19. That all men have a natural and unalienable right to worship Almighty God according to the dictates of their own conscience.

5 February, 1777

56. All persons whatever shall have the free exercise of their religion; provided it be not repugnant to the peace and safety of the state; and shall not, unless by consent, support any teacher, or teachers, except those of their own profession.


20th April, 1777.

38. And whereas we are required, by the benevolent principles of rational liberty, not only to expel civil tyranny, but also to guard against that spiritual oppression and intolerance wherewith the bigotry and ambition of weak and wicked priests and princes have scourged mankind, this convention doth further, in the name and by the authority of the good people of this state, ordain, determine, and declare, that the free exercise and enjoyment of religious profession and worship, without discrimination or preference, shall forever hereafter be allowed, within this state, to all mankind: Provided, That the liberty of conscience, hereby granted, shall not be so construed as to excuse acts of licentiousness, or justify practices inconsistent with the peace or safety of this State.
March, 1780.

II. It is the right as well as the duty of all men in society, publicly, and at stated seasons to worship the Supreme Being, the great Creator and Preserver of the universe. And no subject shall be hurt, molested, or restrained, in his person, liberty, or estate, for worshipping God in the manner and season most agreeable to the dictates of his own conscience; or for his religious profession or sentiments; provided he doth not disturb the public peace, or obstruct others in their religious worship.

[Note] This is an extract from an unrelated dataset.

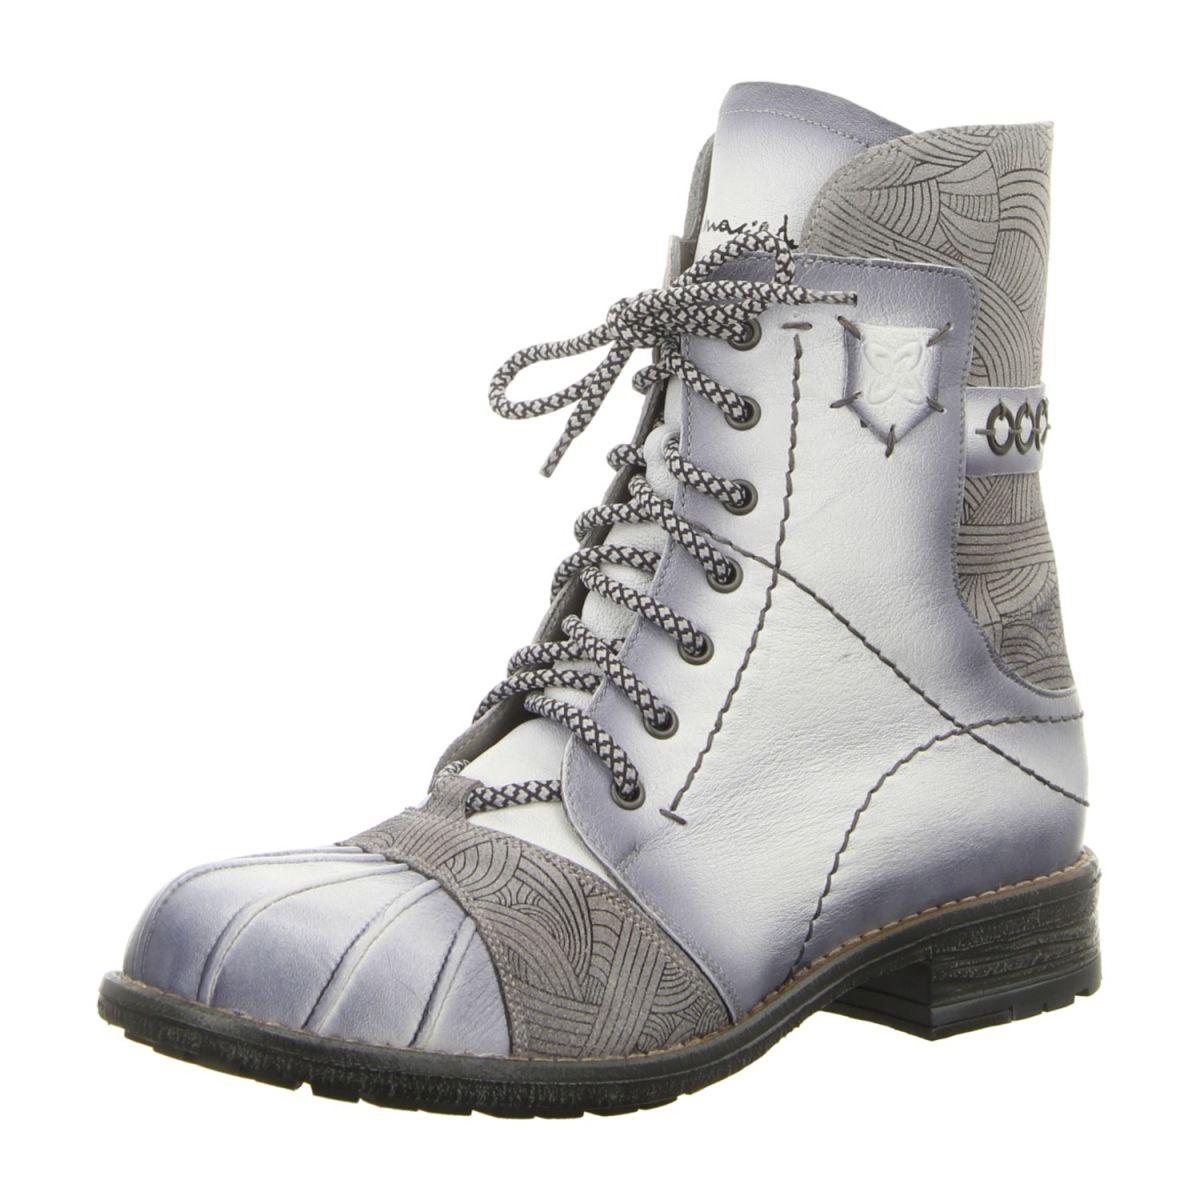 NEU: Maciejka Stiefeletten 03201 1100 4 bialy | Schuhe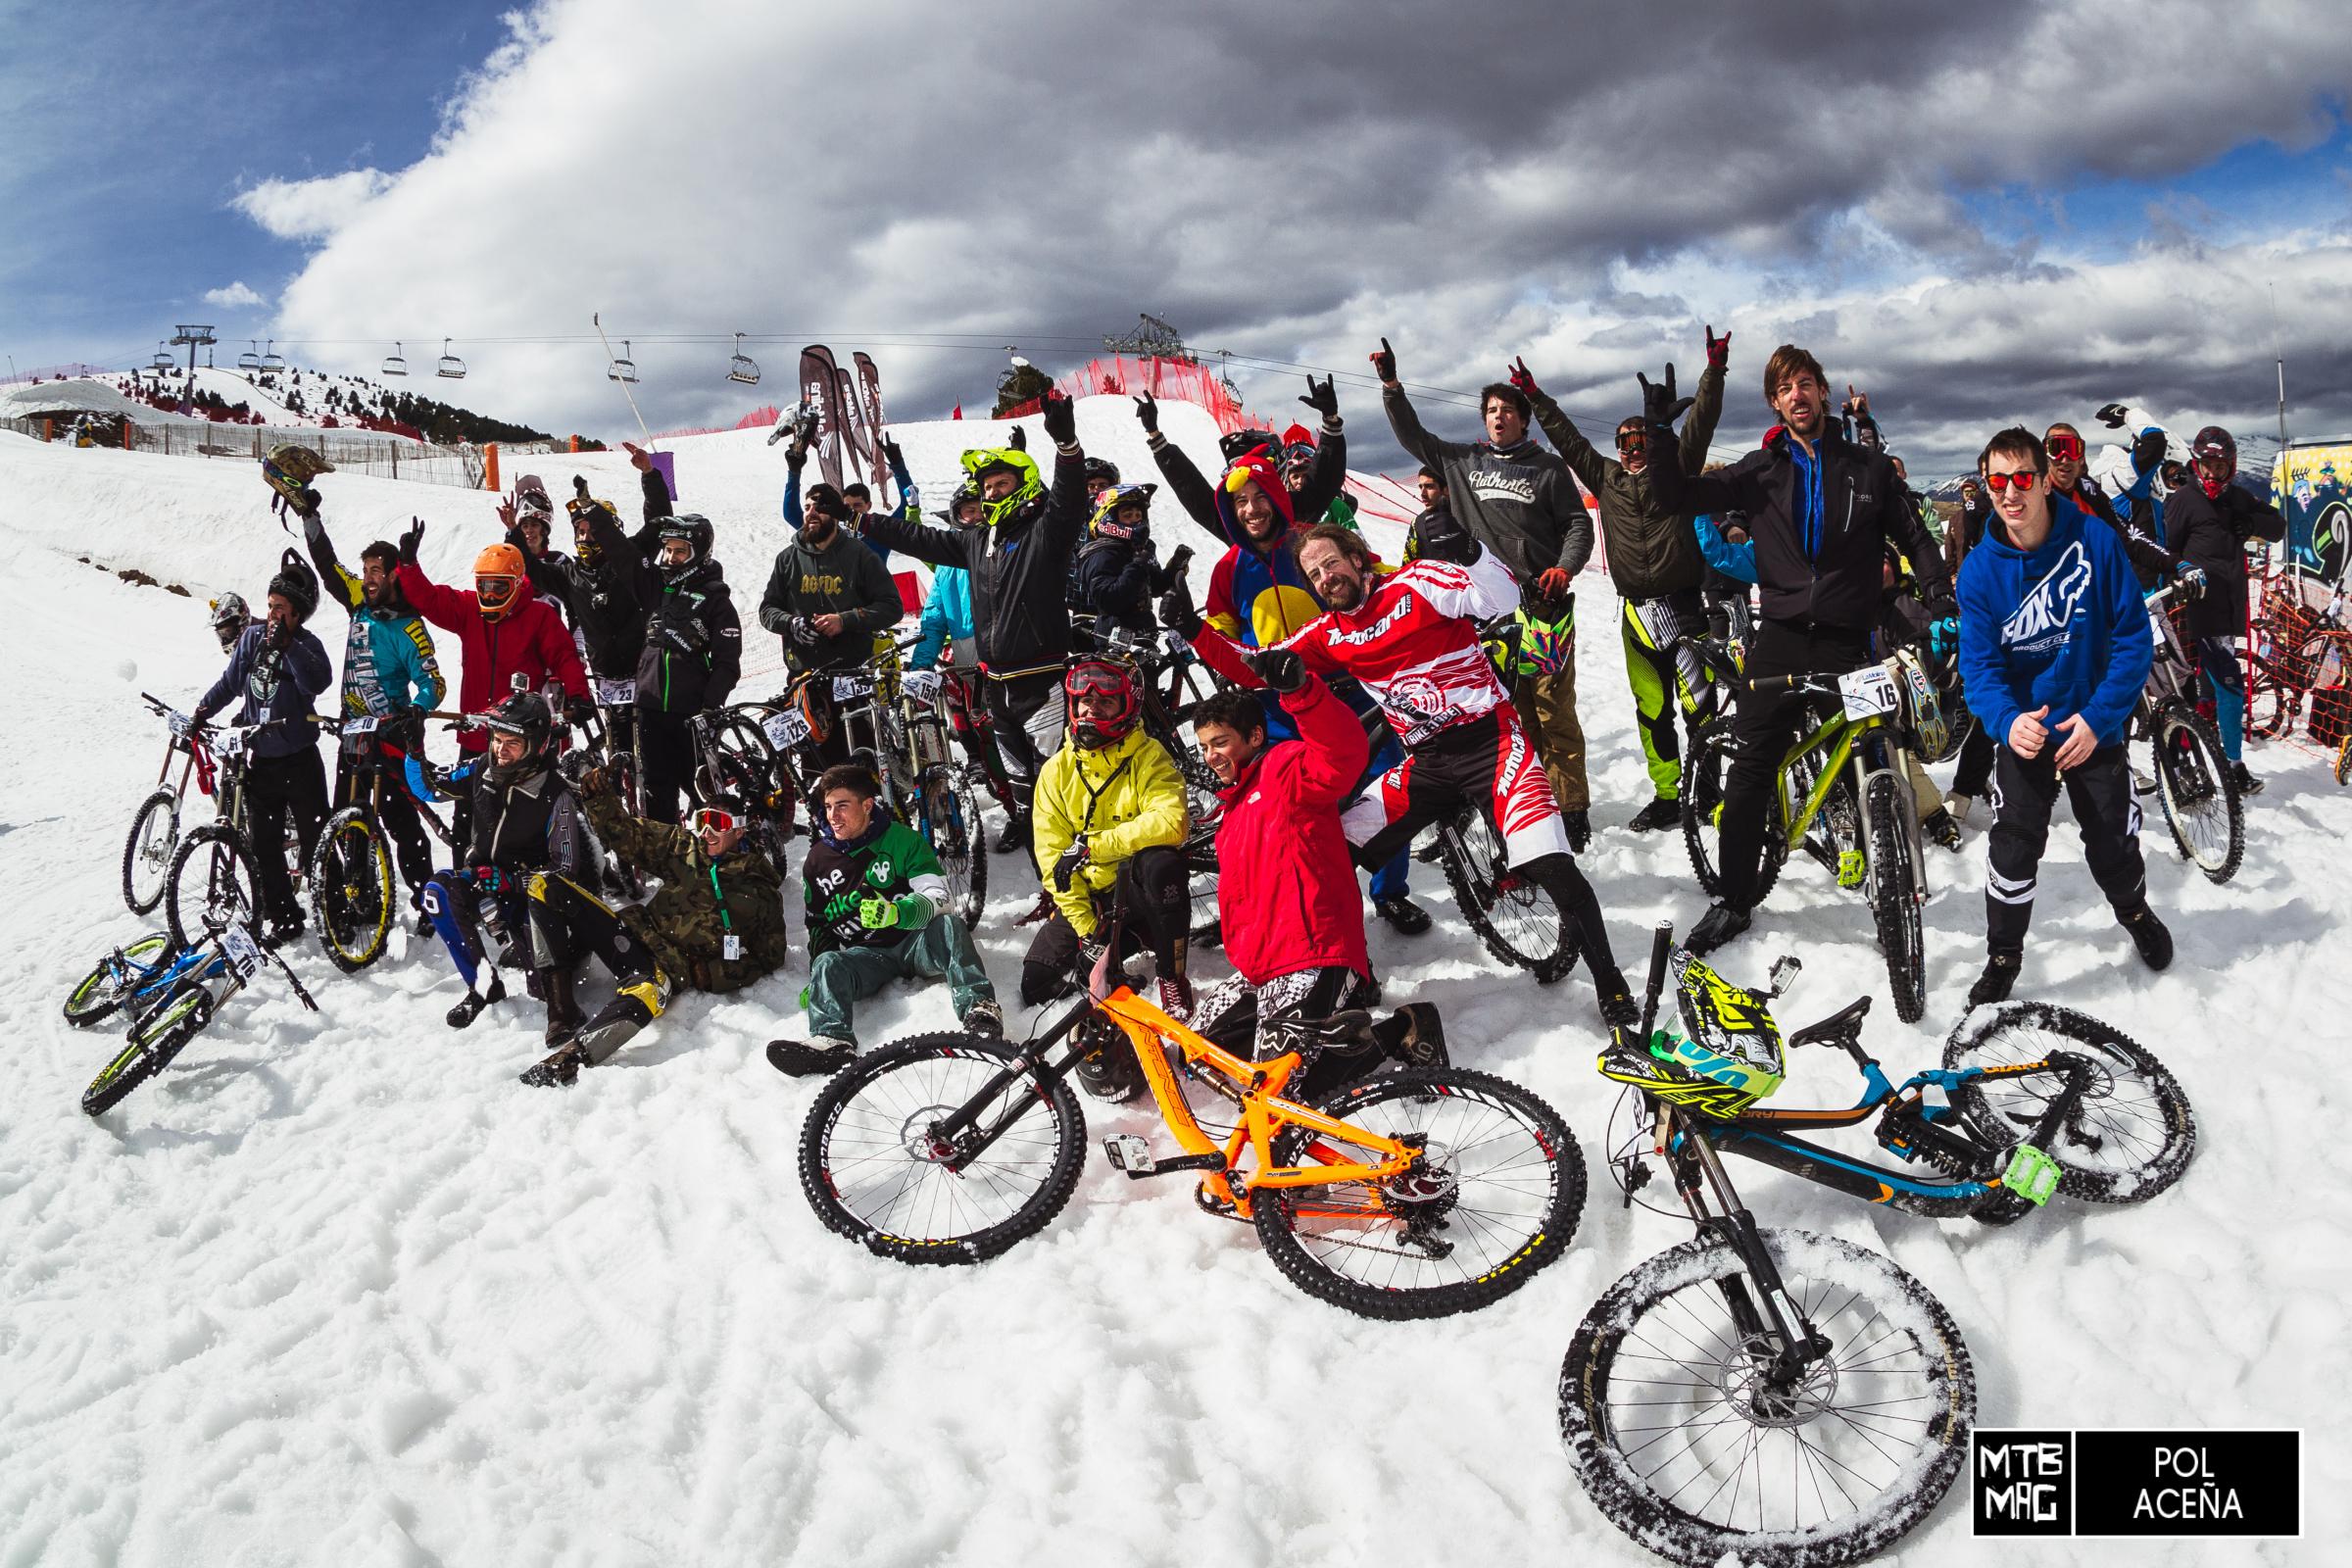 La primera edición de la Chicken Run en La Molina fue todo un éxito. Todos los riders se divirtieron y lo pasaron en grande.

III. As the happiness of a people, and the good order and preservation of civil government, essentially depend upon piety, religion and morality; and as these cannot be generally diffused through a community, but by the institution of the public worship of God, and of public instructions in piety, religion and morality: Therefore, to promote their happiness and to secure the good order and preservation of their government, the people of this commonwealth have a right to invest their legislature with power to authorize and require, and the legislature shall, from time to time, authorize and require, the several towns, parishes, precincts, and other bodies politic, or religious societies, to make suitable provision, at their own expense, for the institution of the public worship of God, and for the support and maintenance of public Protestant teachers of piety, religion and morality, in all cases where such provision shall not be made voluntarily.